Relative insulation from China has been a saving grace for the Philippines since 2014, helping sustain high growth rates as most other South-east Asian economies have slowed. Yet the Philippines will continue to be affected by the developing changes in China.
Global Impact
A crash of the Chinese equity market and a surge in capital flight in the summer of 2015 generated turbulence in capital markets worldwide. The Philippines felt a moderate impact: the peso fell against the dollar by 3.5% during July and August, while the Philippine Stock Exchange equity index lost 6.1%. The lurching of financial markets reflects adjustments to long-developing changes in China and its economic relationships with the world.

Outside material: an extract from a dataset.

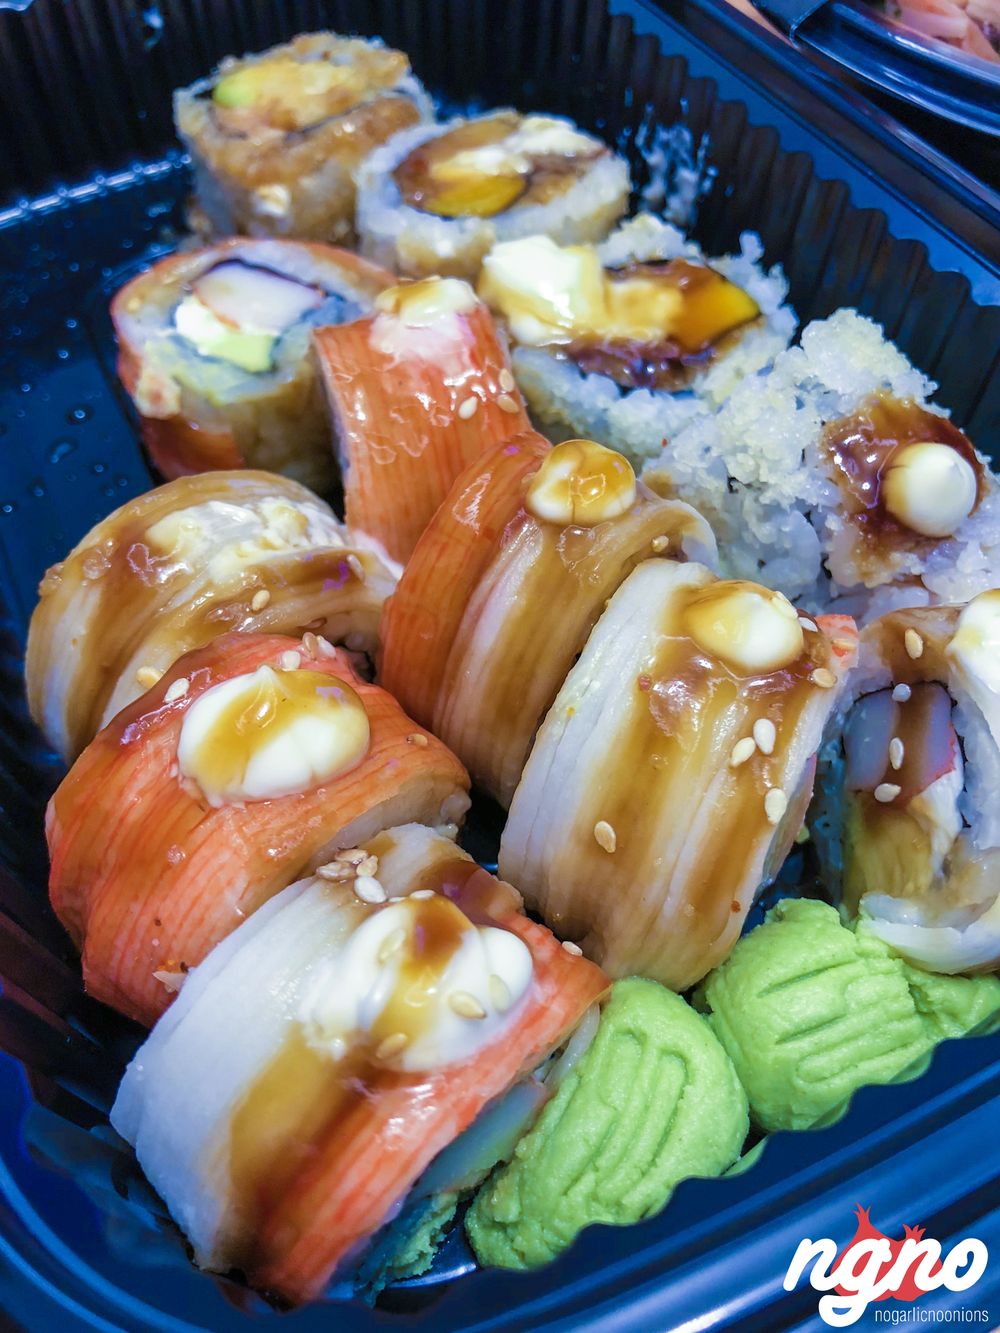 obi-sushi-nogarlicnoonions-142018-08-24-11-18-01

The most dramatic change in China has been the sharp slowdown of its construction, building materials and metallurgy industries. Prices of apartments have stopped rising in most cities, and demand for investment properties has fallen off, while globally, lower oil prices have forced oil-exporting countries to slow construction. Prices for building materials and metals have slumped around the world.
These troubles come on top of a decline of China’s competitiveness as costs have risen. Its export engine had already been slowing, from 26% annual average growth of the value of goods exports in 2001-07 to 11.4% in 2008-13 and 6% in 2014. China’s goods exports declined 5.5% year-on-year (y-o-y) in dollar terms in the first eight months of 2015 and goods imports were down 14%. The direct effects of these changes on the Philippines are largely positive. It increasingly attracts manufacturing investment that could have gone to China if its costs were lower. It also benefits from lower import prices for construction materials, which it needs to build offices, apartments and shops for the workers of its rapidly growing business process outsourcing (BPO) industry.
As an energy importer whose exports go mainly to energy-importing countries, the Philippines enjoys large savings and faces very little drag from lower oil prices. Though half of all goods exported from the Philippines go to East Asia, a large portion of those feed into supply chains that end up in North America and Europe. In peso terms, exports of electrical and electronic goods were up 14.3% in 2015, accelerating from 13.3% growth in 2014, according to the Philippine Statistics Authority, as strong demand from the US and Europe outweighed weakness in Asia.
Dangers
There are also drawbacks and dangers for the Philippines from the changes in China. Machinery exports also weakened in January-July 2015, which was likely China-related, and depreciation of the Chinese renminbi – which fell by 5% against the dollar in late July and early August – is expected to put further pressure on exports. Many analysts expect the renminbi to weaken further. Some see a risk of financial crisis in China if a significant portion of private debts go sour and the rapid pace of credit issuance hits a sudden stop. Net credit issuance to non-financial sectors averaged $2.5trn a year in China in 2012-14, well ahead of the $1.8trn annual average in the US, though US GDP in 2014 was two-thirds greater than China’s.
There are concerns that much of China’s bullish credit issuance has been misdirected, funding excessive residential investment then blowing an equity bubble that popped in 2015, fuelling capital flight. China’s foreign exchange reserves fell by $94bn in August 2015, a record for a single month. Some economists have warned that a China crisis could set off a global recession. Others point out that the country’s financial system is relatively insular, and that China accounts for only around one-eighth of global international trade. Optimists see China maintaining high growth rates by accelerating its consumer sectors, pessimists see the country ending its long run of above-par growth. However, neither side is expecting China to return to the pace of import and construction sector growth seen in 2013 and earlier.